● **The data**
------------
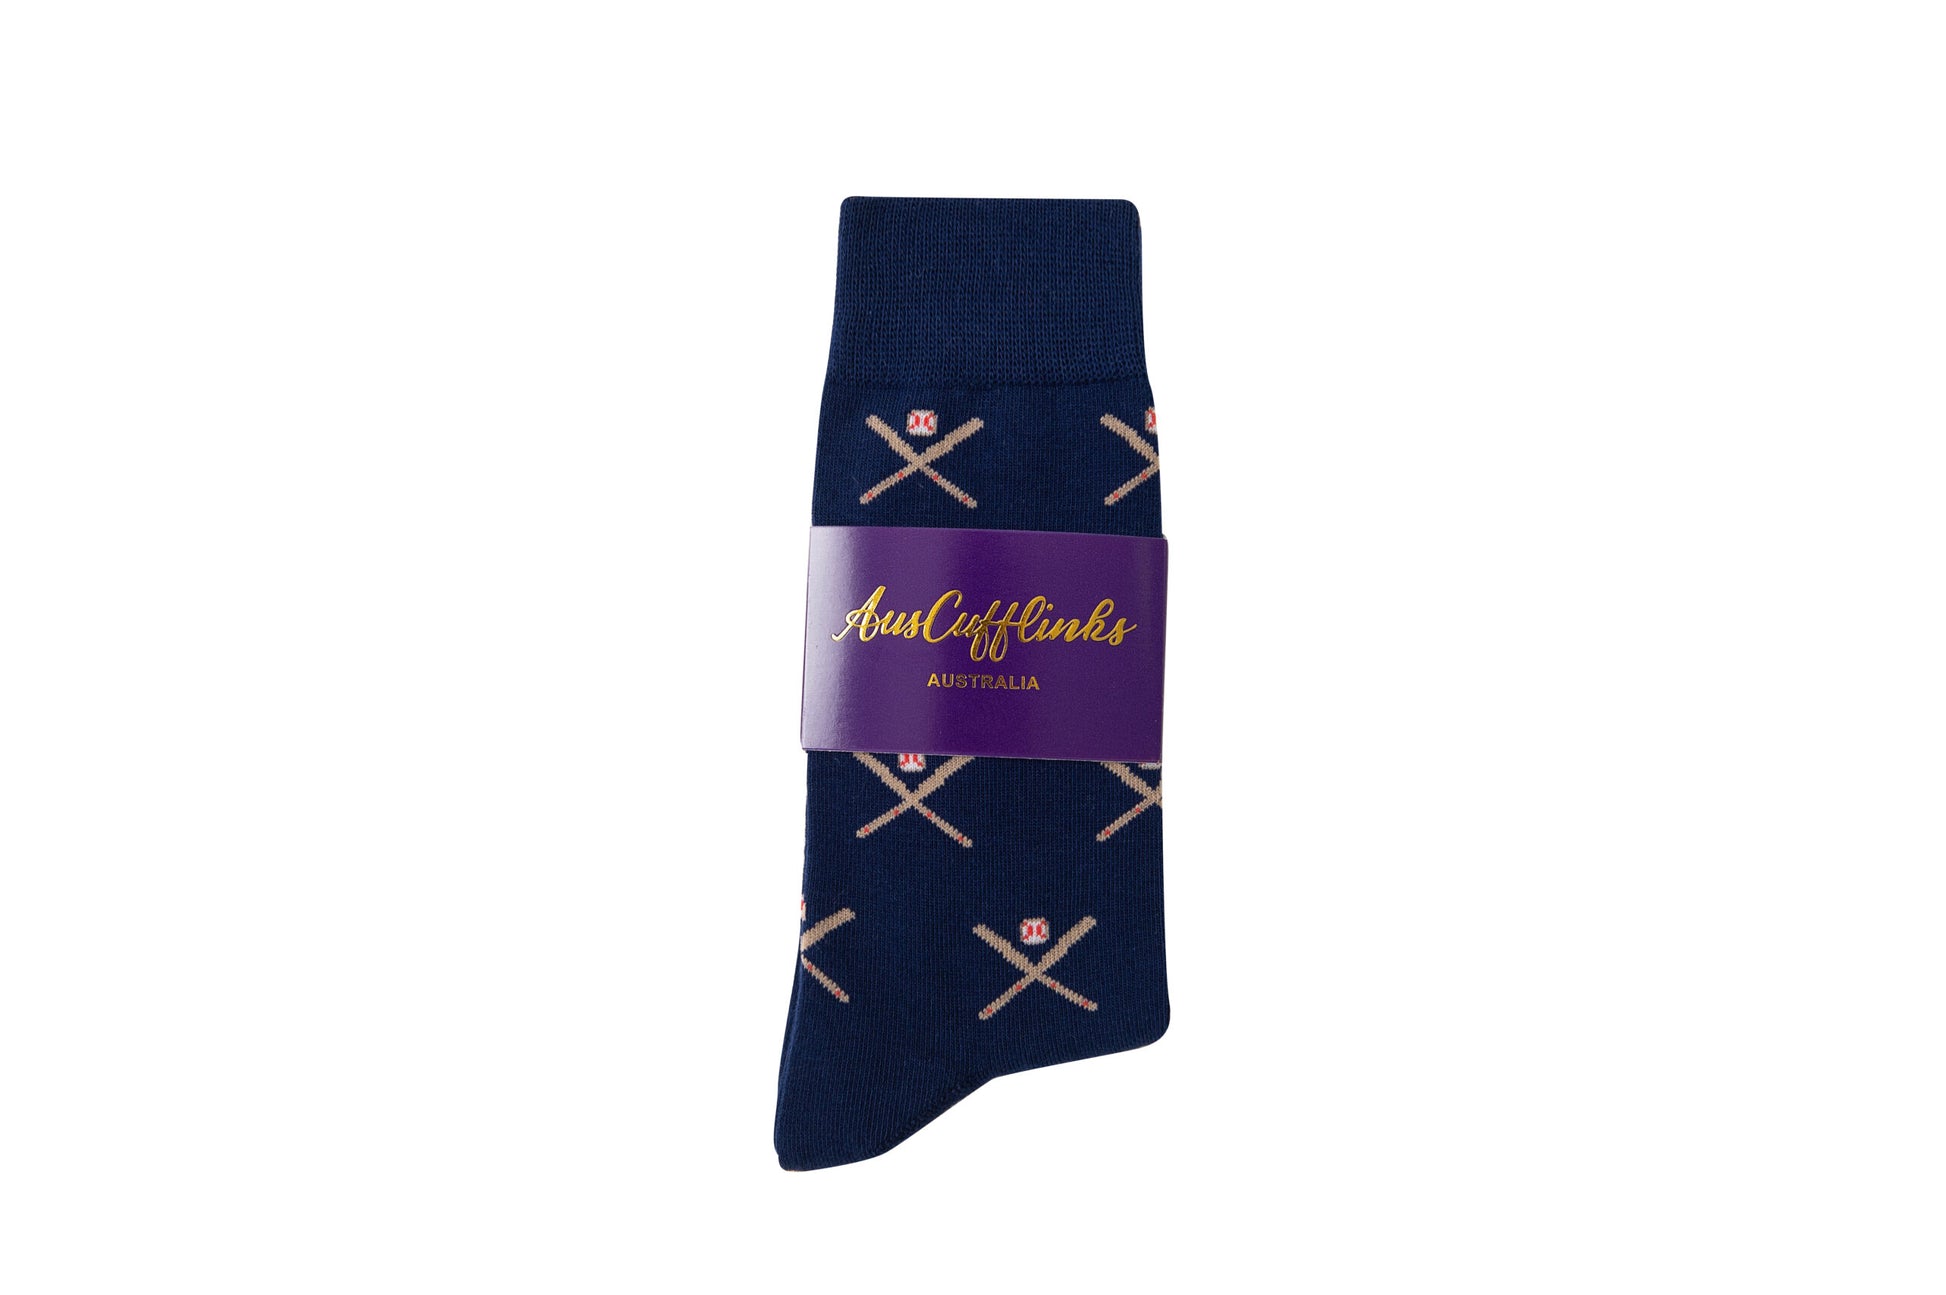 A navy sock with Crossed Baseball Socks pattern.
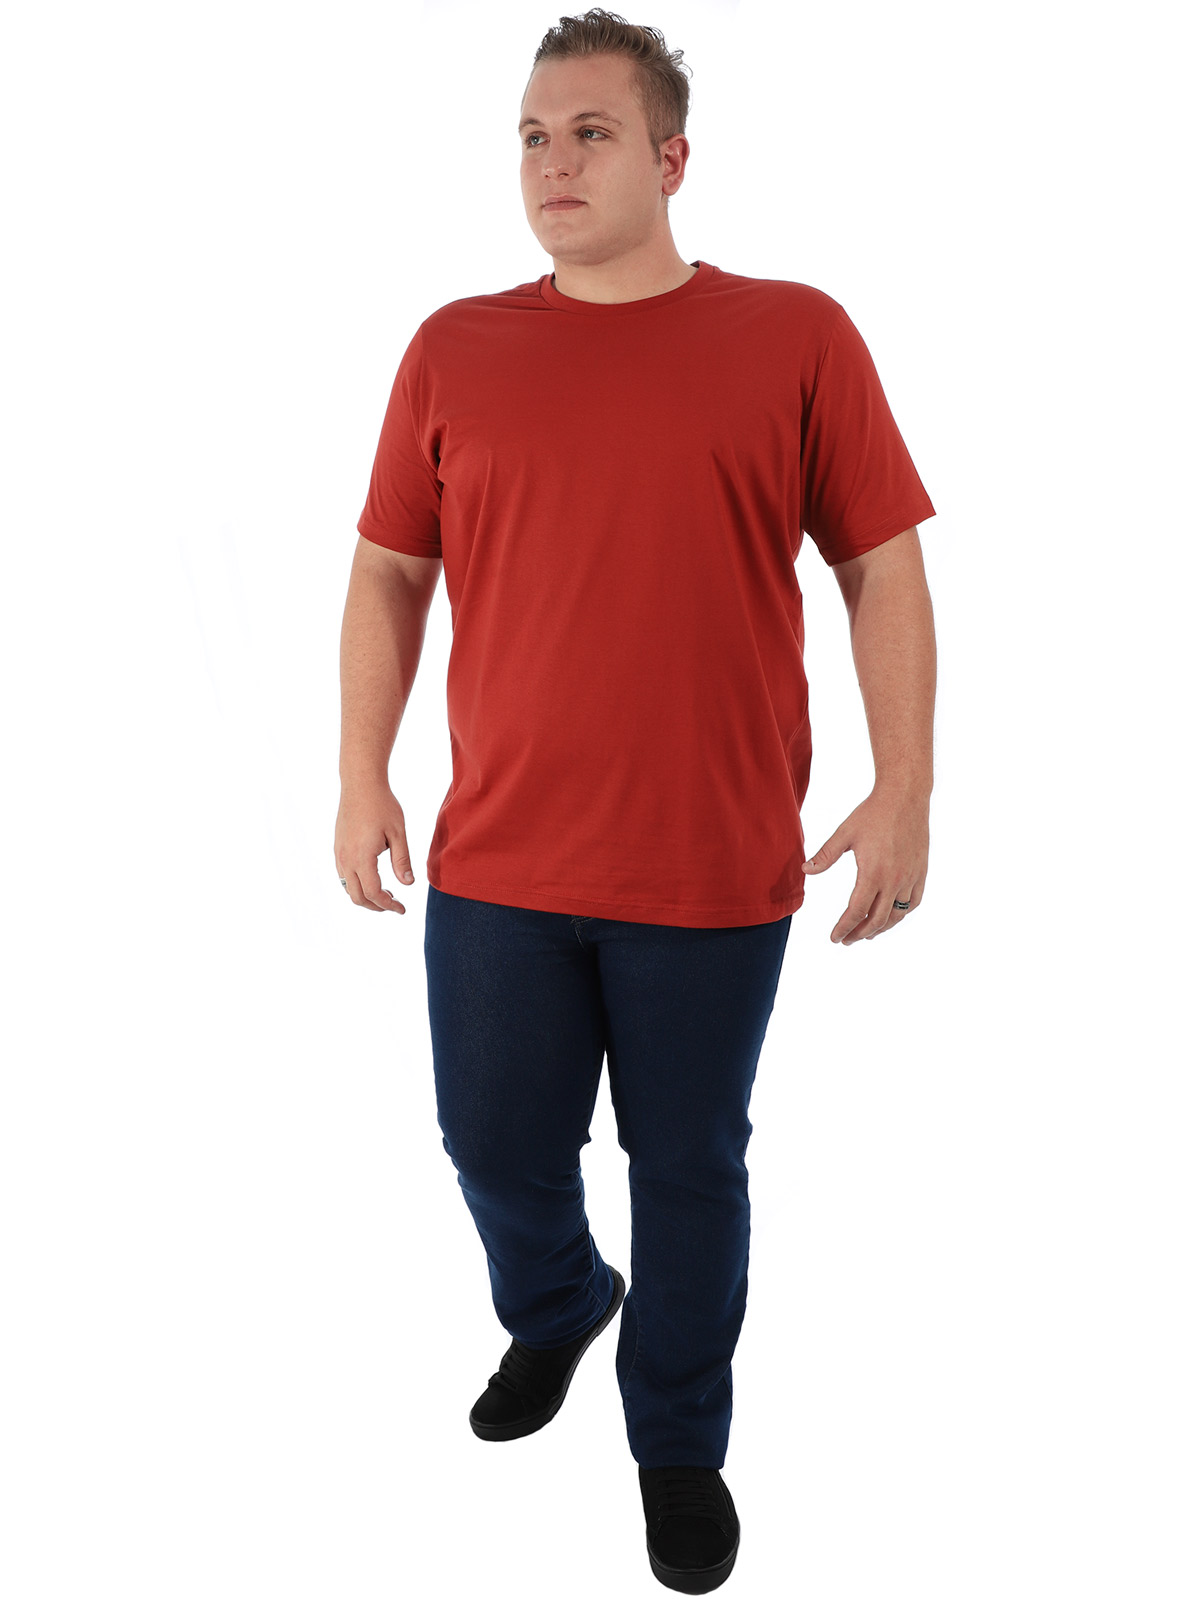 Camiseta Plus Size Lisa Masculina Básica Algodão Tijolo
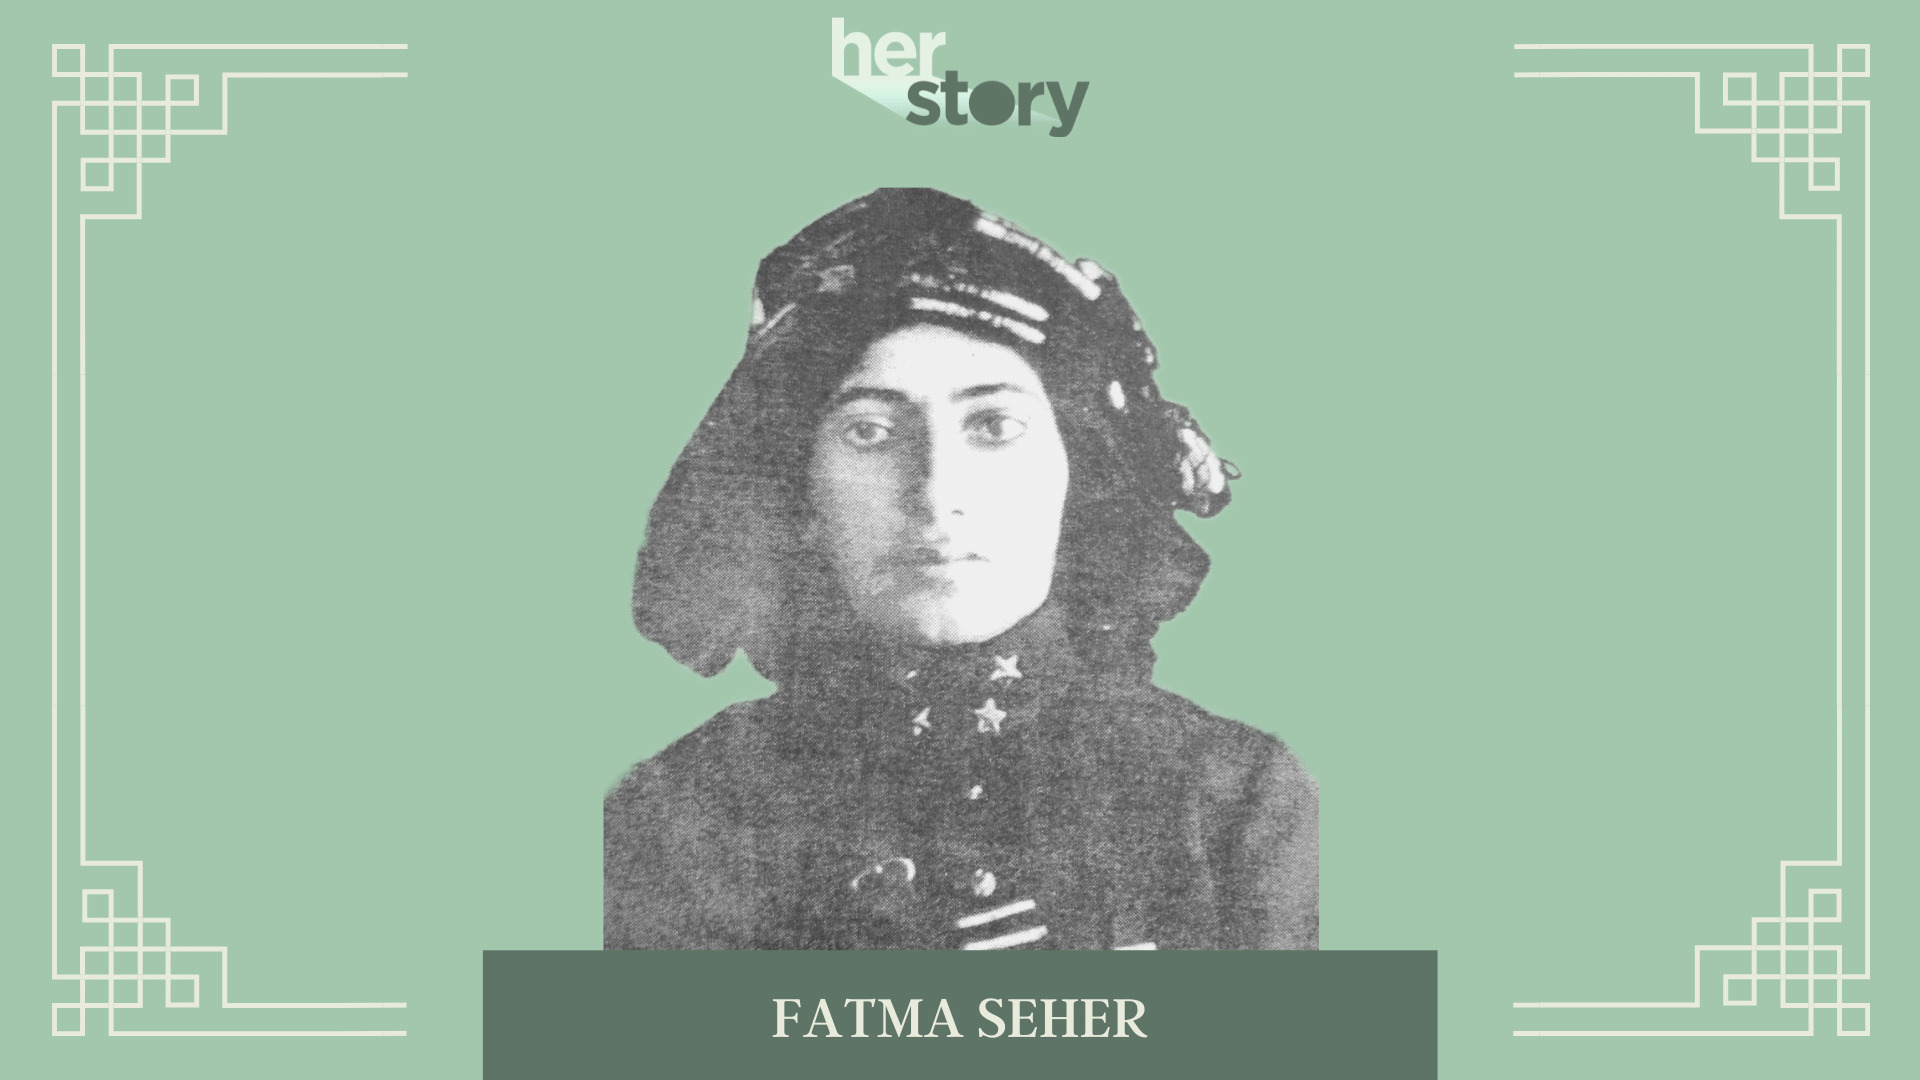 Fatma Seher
------------
● **Exercise details**
Produce a verbatim transcription of every line in the listing, images omitted.

● **Response below**
 A navy sock with Crossed Baseball Socks pattern.
 Camiseta Plus Size Lisa Masculina Básica Algodão Tijolo
 Fatma Seher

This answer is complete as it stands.